We’d barely stepped off the boat when a wizened old lady approached.

“Room, room, I have room.”

She had no donkey, but plenty of persistence, so we followed her up a steep cobbled lane, dragging our luggage behind. An agonizing uphill trudge of 20 minutes or more. We arrived sweaty and out of breath to a shabby, bare room with two single beds facing an open courtyard. Sheets were hung to dry on a circular clothesline next to the communal outdoor showers and toilets. Hostel-like and not very impressive, but we didn’t relish the long trek back downhill to find another place. Plus, at a pittance of $15 Canadian per night, we handed over some cash.

 Church bells rang from a nearby church at 8 am the first morning, waking us early. Deafening. Very insistent. A very rude awakening. They pealed out four times a day, calling the faithful to mass. It was a neighbourhood of ancient stone buildings with red clay roofs and cobblestone streets. You could tell nothing much had changed there since the 1960s when Leonard Cohen began his career. Nothing much had likely changed in the past 200 years. I was delighted, but Irv was eager to get on to more modern accommodation in Santorini.

The next day, down at a village cafe, I asked a waiter about Leonard Cohen.

“You just missed him. He left two days ago,” he said. Then he pointed to a chair on the outside patio. “He sits there every morning and drinks his coffee when he’s here.”

So, I ordered coffee, walked over, and took a seat in that chair. Basking in the Greek island sunshine, I sipped coffee, thinking about how lovely it would’ve been to have arrived earlier, to have seen him here, at his special creative retreat. Still, nothing about the situation deflated me. It was, in fact, quite wonderful.
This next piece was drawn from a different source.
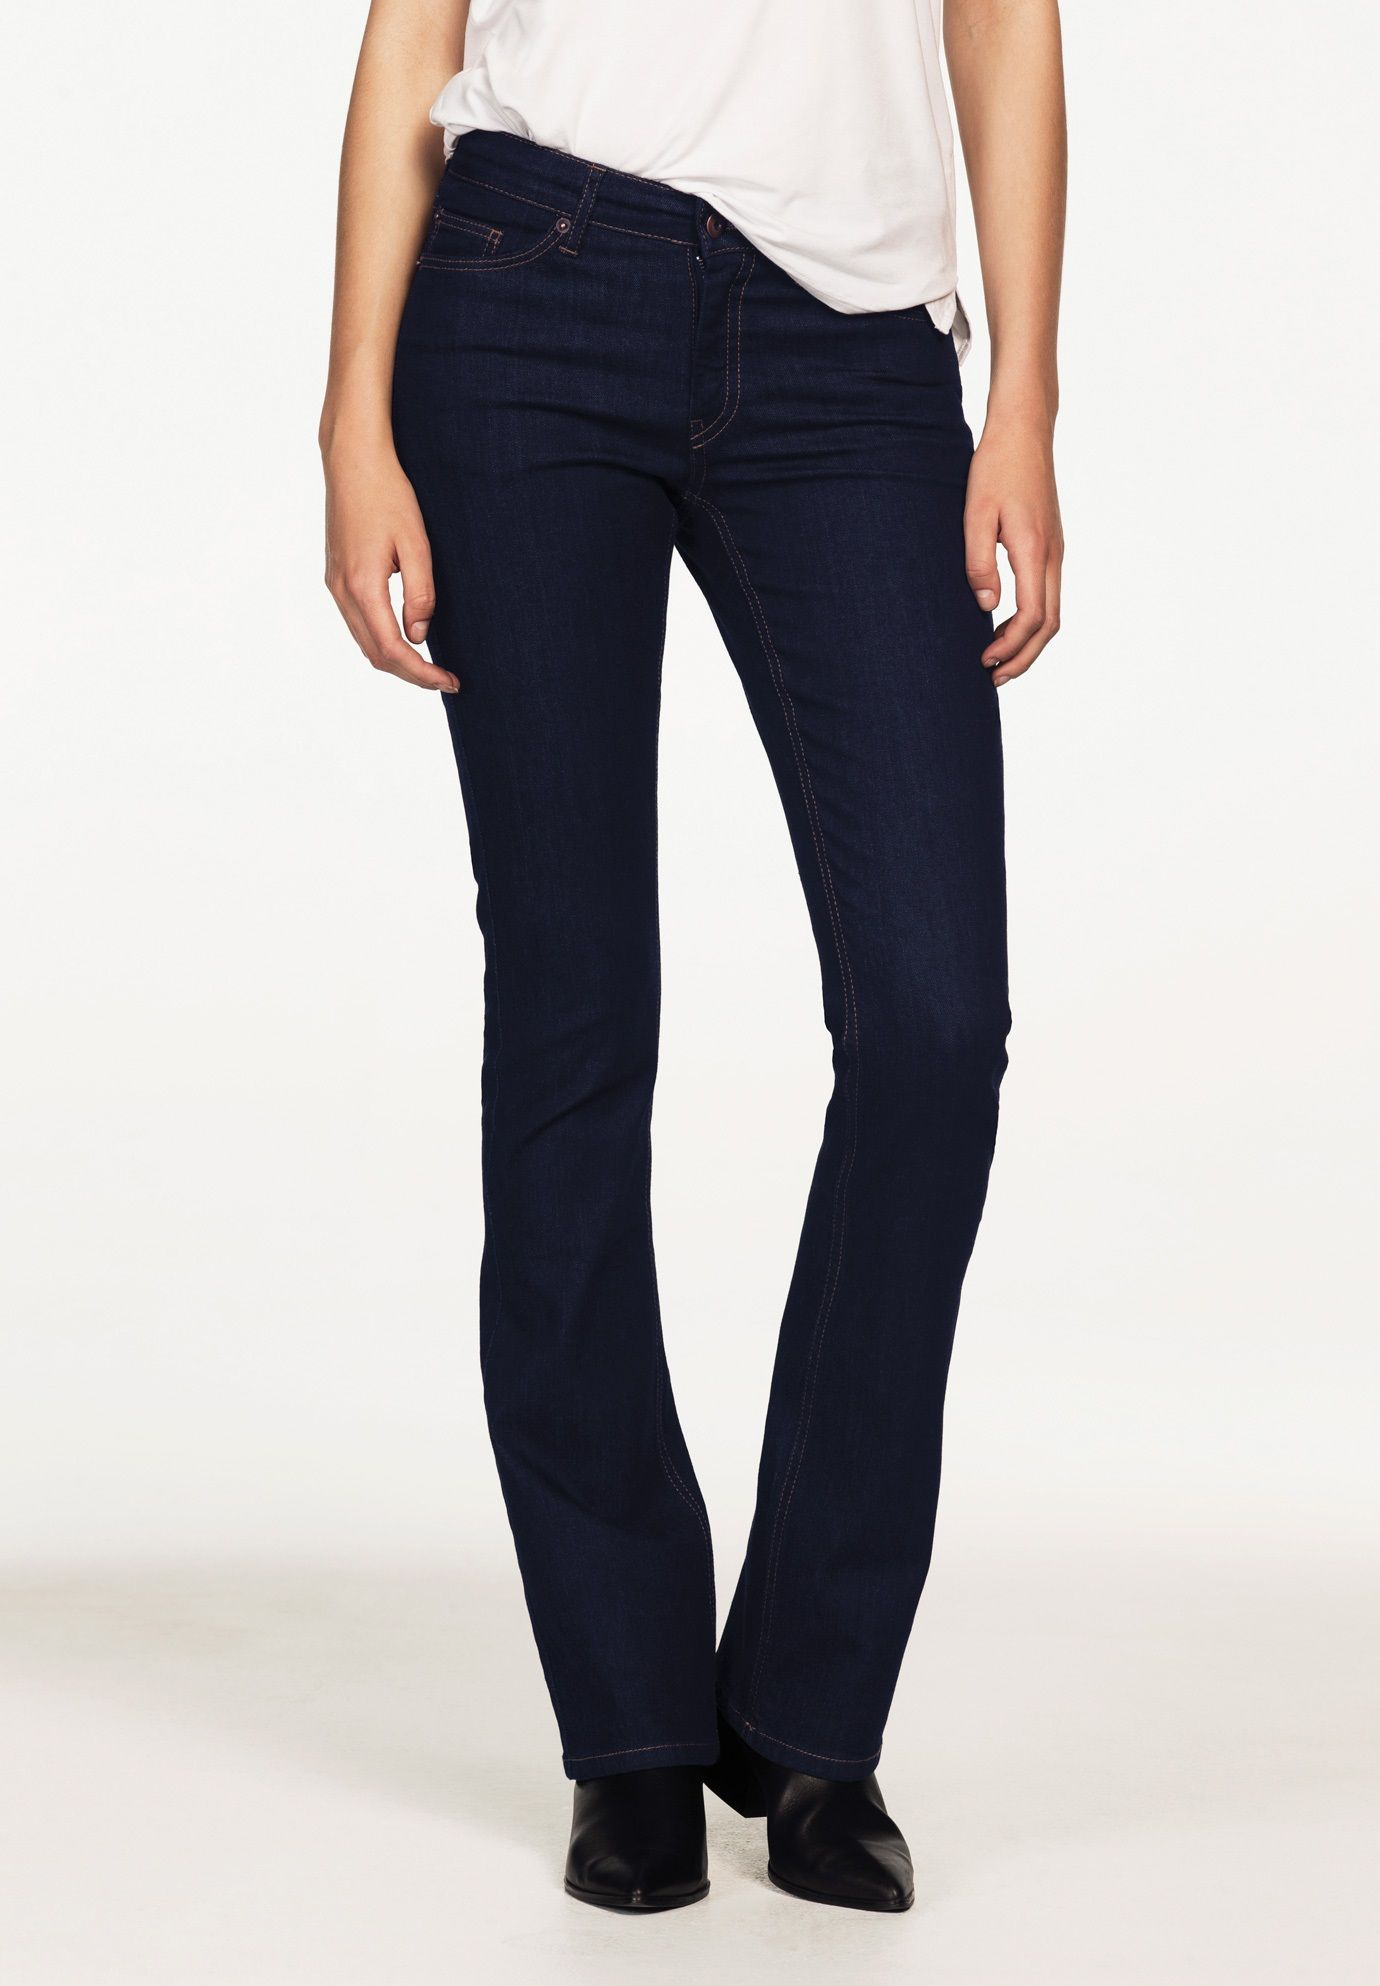 b995b5b65f0 Bootcut Jeans by ellos - Women s Plus Size Clothing

I’d sat in Leonard Cohen’s chair.

Only once, I’d had the good fortune to attend one of his live shows. It was June 1993, and I was living in Victoria, BC, when I saw a poster on Broughton Street. He was coming to town. I jumped at getting tickets. My boss, Wendy, and her husband, Michael, would come as well. They were originally from Montreal, Leonard’s hometown, and Michael was also a huge fan. 

My son Lochlin joined us too, even though he’d never been much of a fan.

“How can you listen to that, Mom? It’s so depressing.”

He was young. Only 23. But I think his opinion of Leonard Cohen changed that night. That stunning performance at the Royal Theatre to a packed house. A small venue — only 500 seats at best. And what a performance! Over two and a half hours. Like an intimate conversation — Leonard singing out his songs of passion to each of us. The audience, spellbound from curtain up to curtain down. 

That would be Leonard Cohen’s final live performance for the next 15 years. He retreated from the world, taking up residence at Mount Baldy, a Zen Buddhist monastery in Los Angeles, and he dropped from the public eye. 

In 2008, Leonard discovered his accountant had misappropriated his savings, leaving him penniless. This forced him back on the road at 73, playing to packed houses around the world. Sharing his wisdom, and words, and his chilling, but fabulous voice once again. On December 21, 2013, after a world tour across North America and beyond, he gave his final performance in Auckland, New Zealand. Three hours long with three encores. 

Leonard Cohen was born in Montreal in 1934. His spirit returned to the cosmos in November 2016 at age 82.